## [Problem]
Set down exactly the lines that run from the one containing "la SALUD y al" to the end of the material below, both included, without pictures.

## [Data segment]
------------------------------------------------

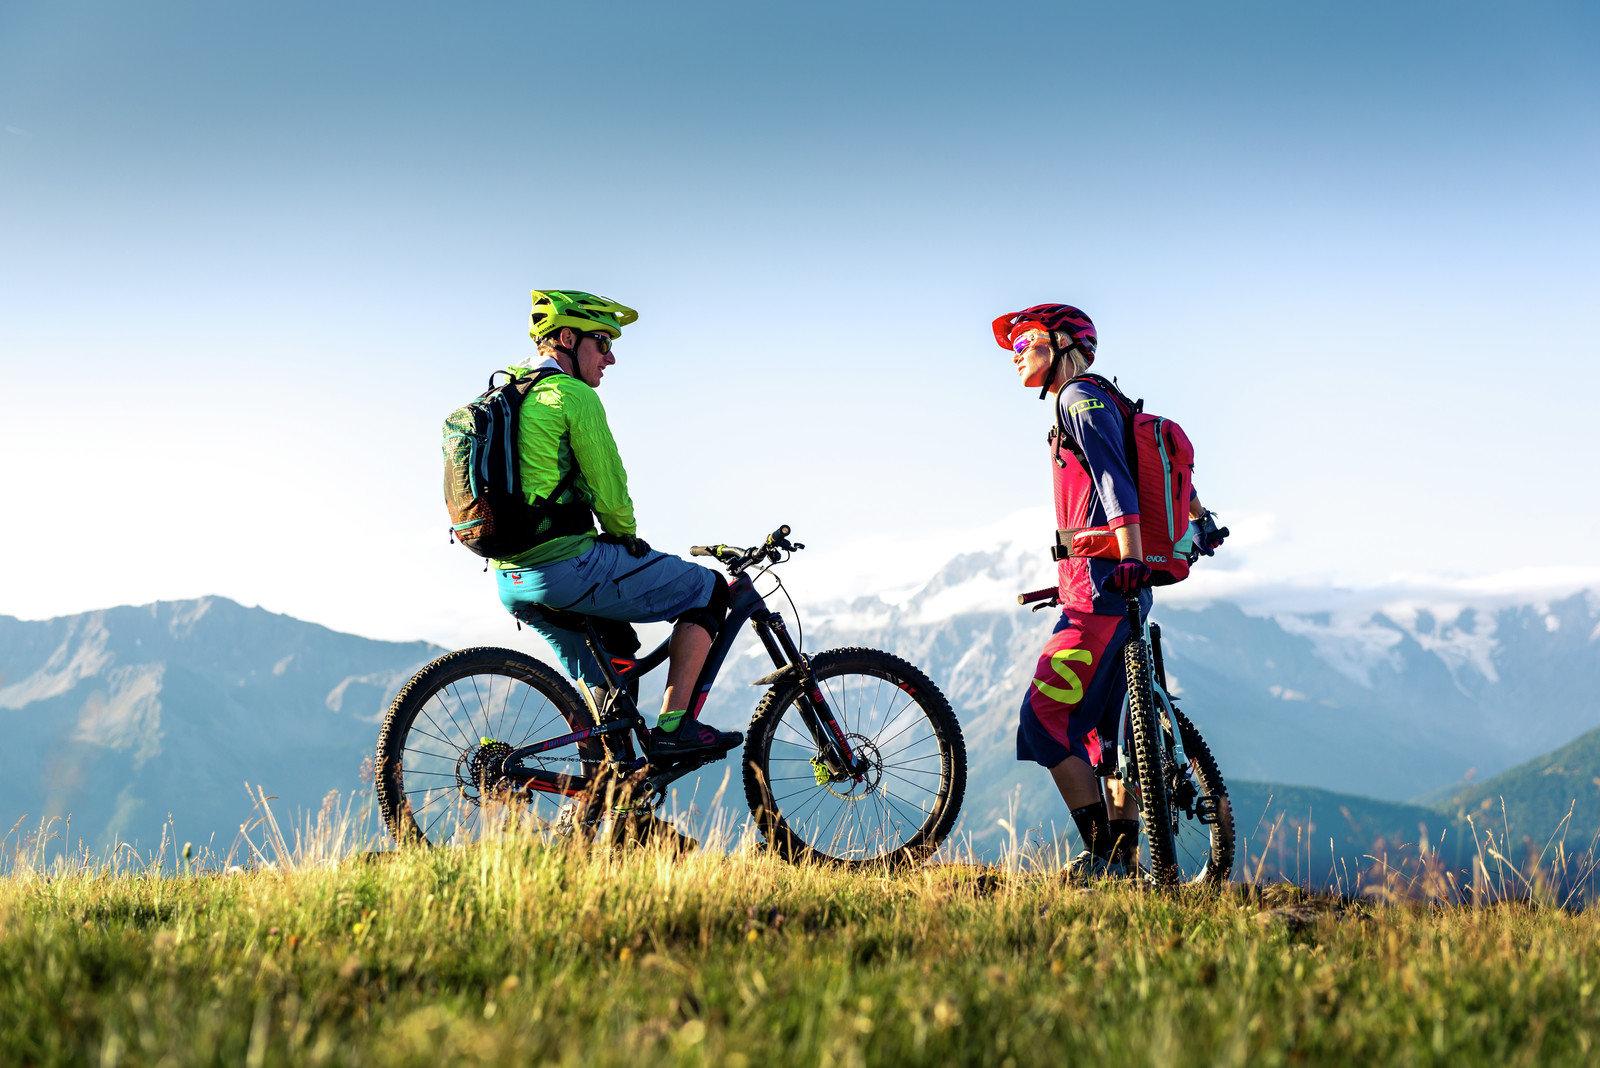 Mountainbike-Woche mit 5 geführten Touren
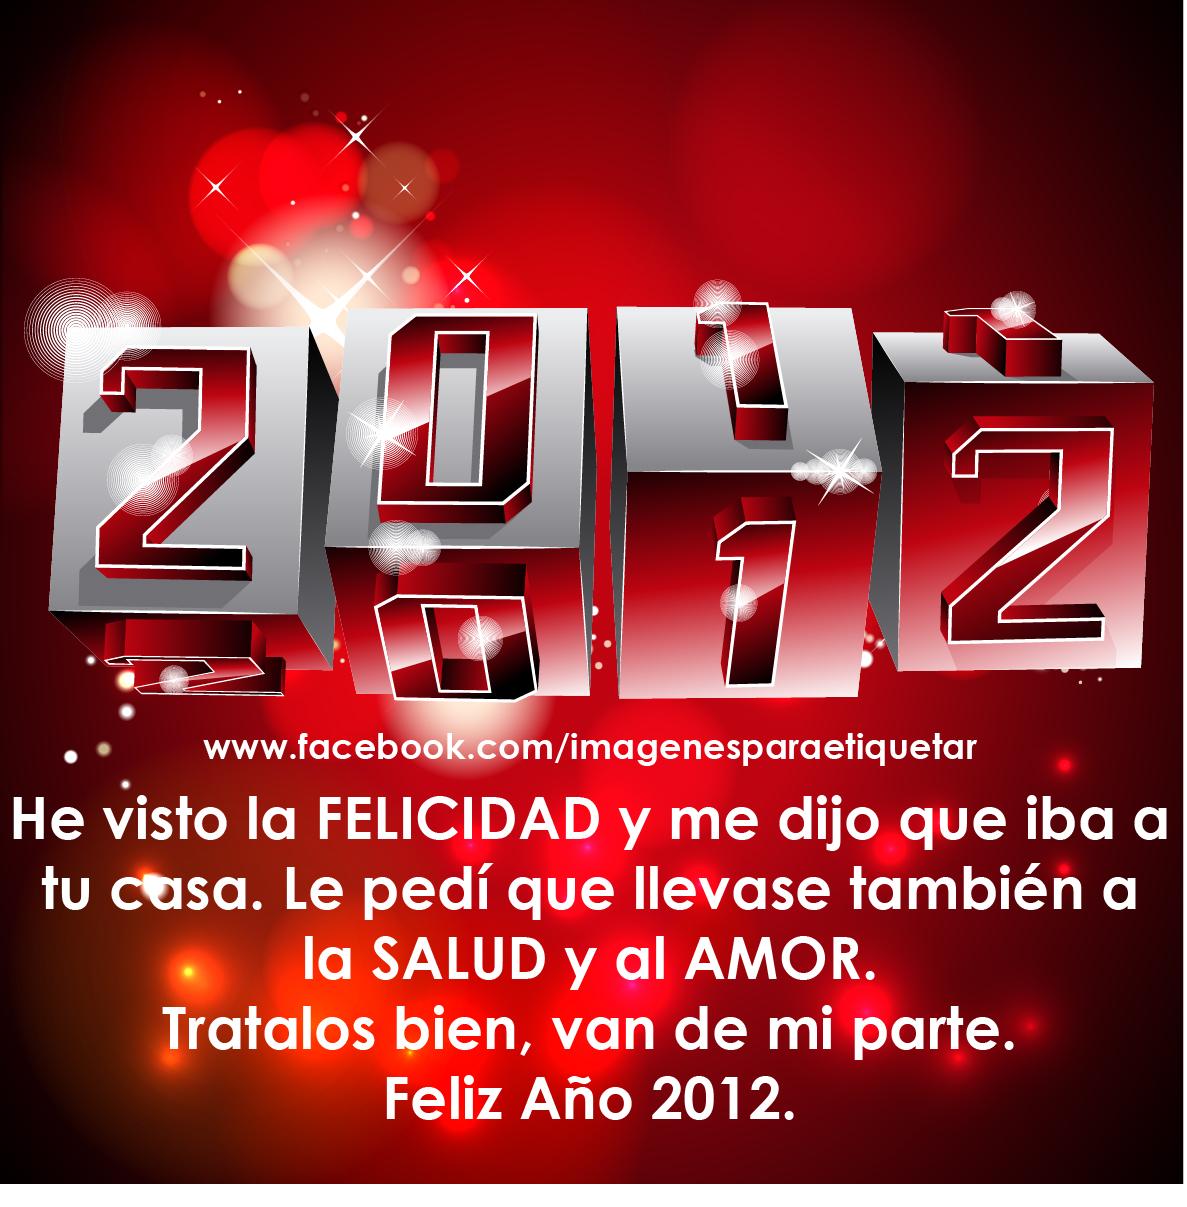 la SALUD y al AMOR. Tratalos bien, van de mi parte. Feliz Año 2012
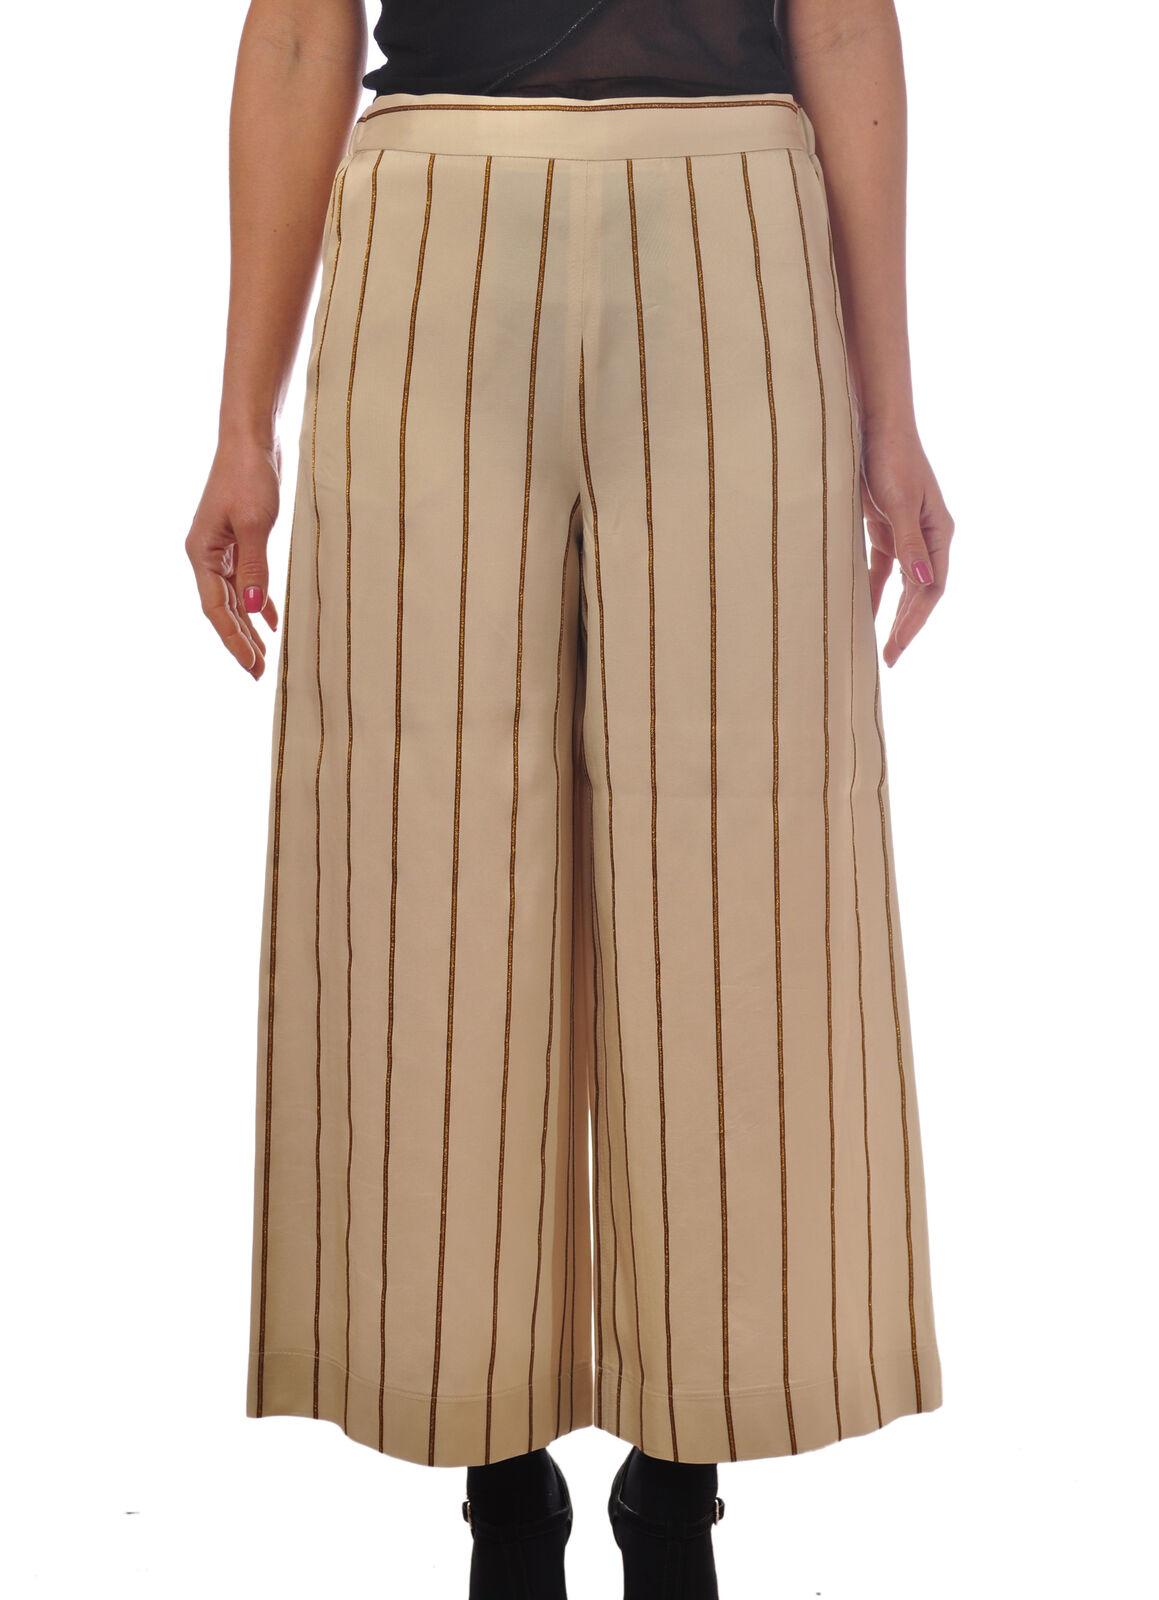 Meme - Pants-Pants - Woman - White - 5096710H185827
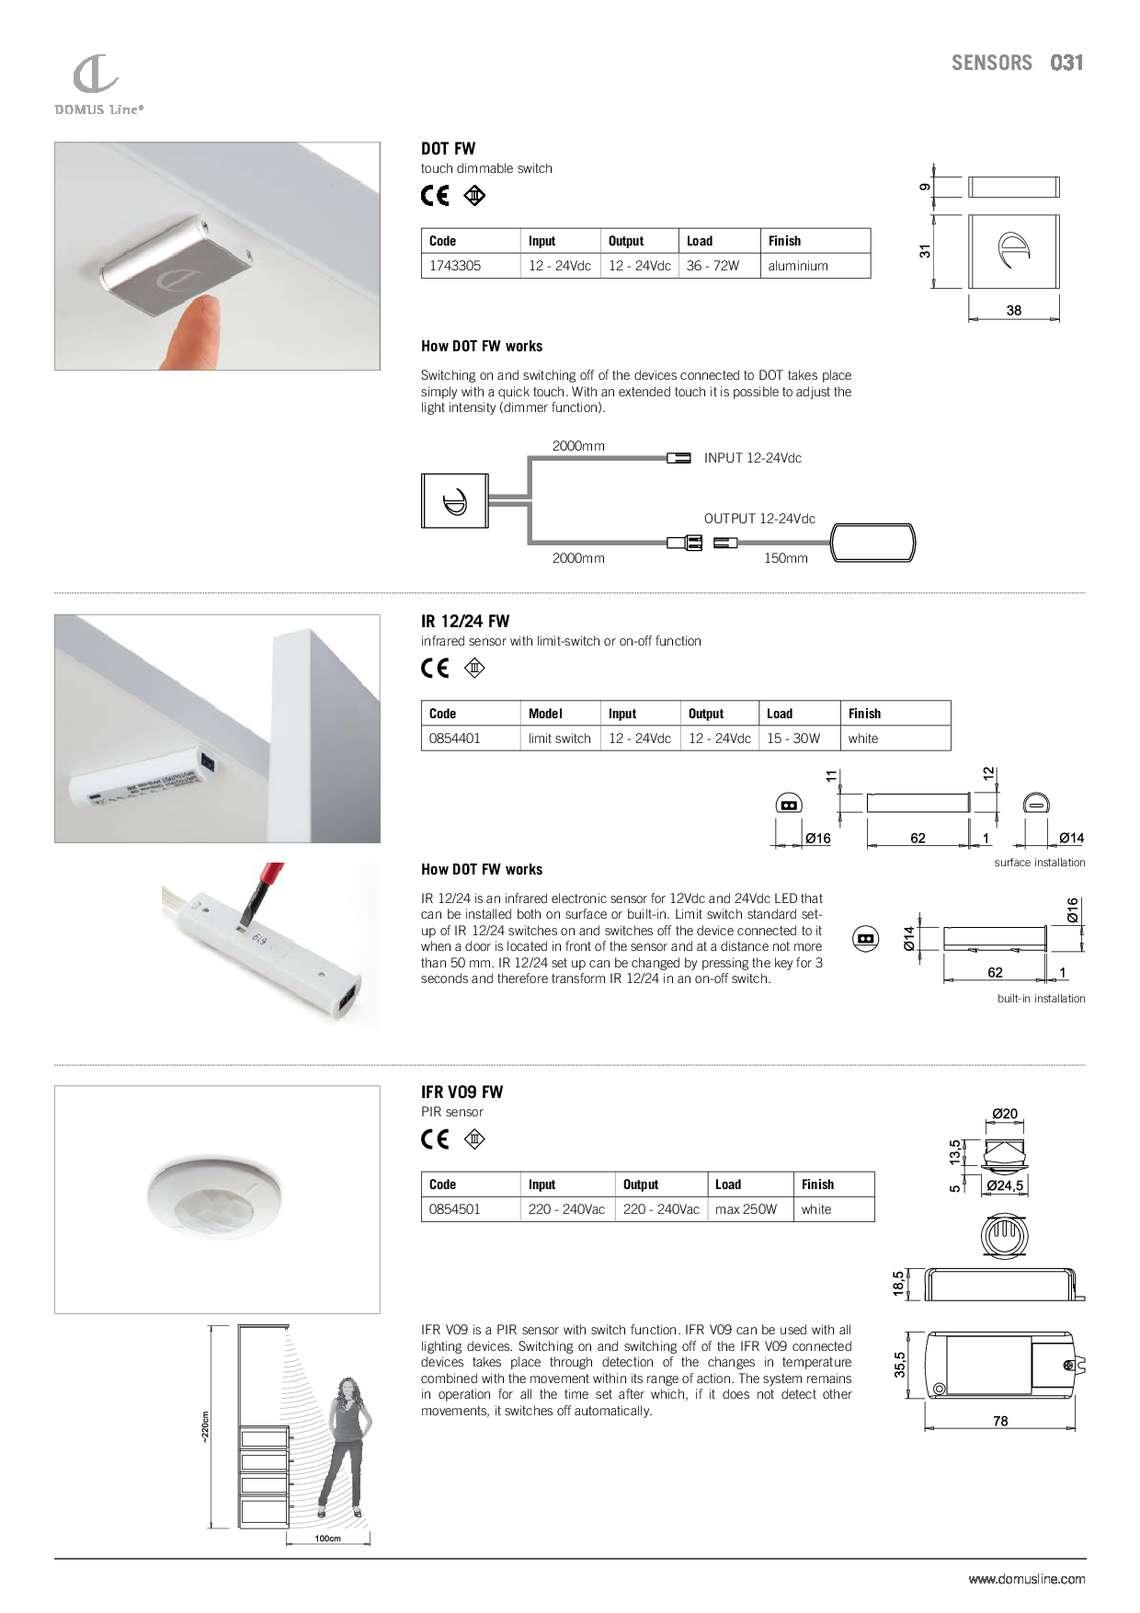 domus-line-top-seller_27_032.jpg

------------------------------------------------

## [Result for this task]
 la SALUD y al AMOR. Tratalos bien, van de mi parte. Feliz Año 2012
 Meme - Pants-Pants - Woman - White - 5096710H185827
 domus-line-top-seller_27_032.jpg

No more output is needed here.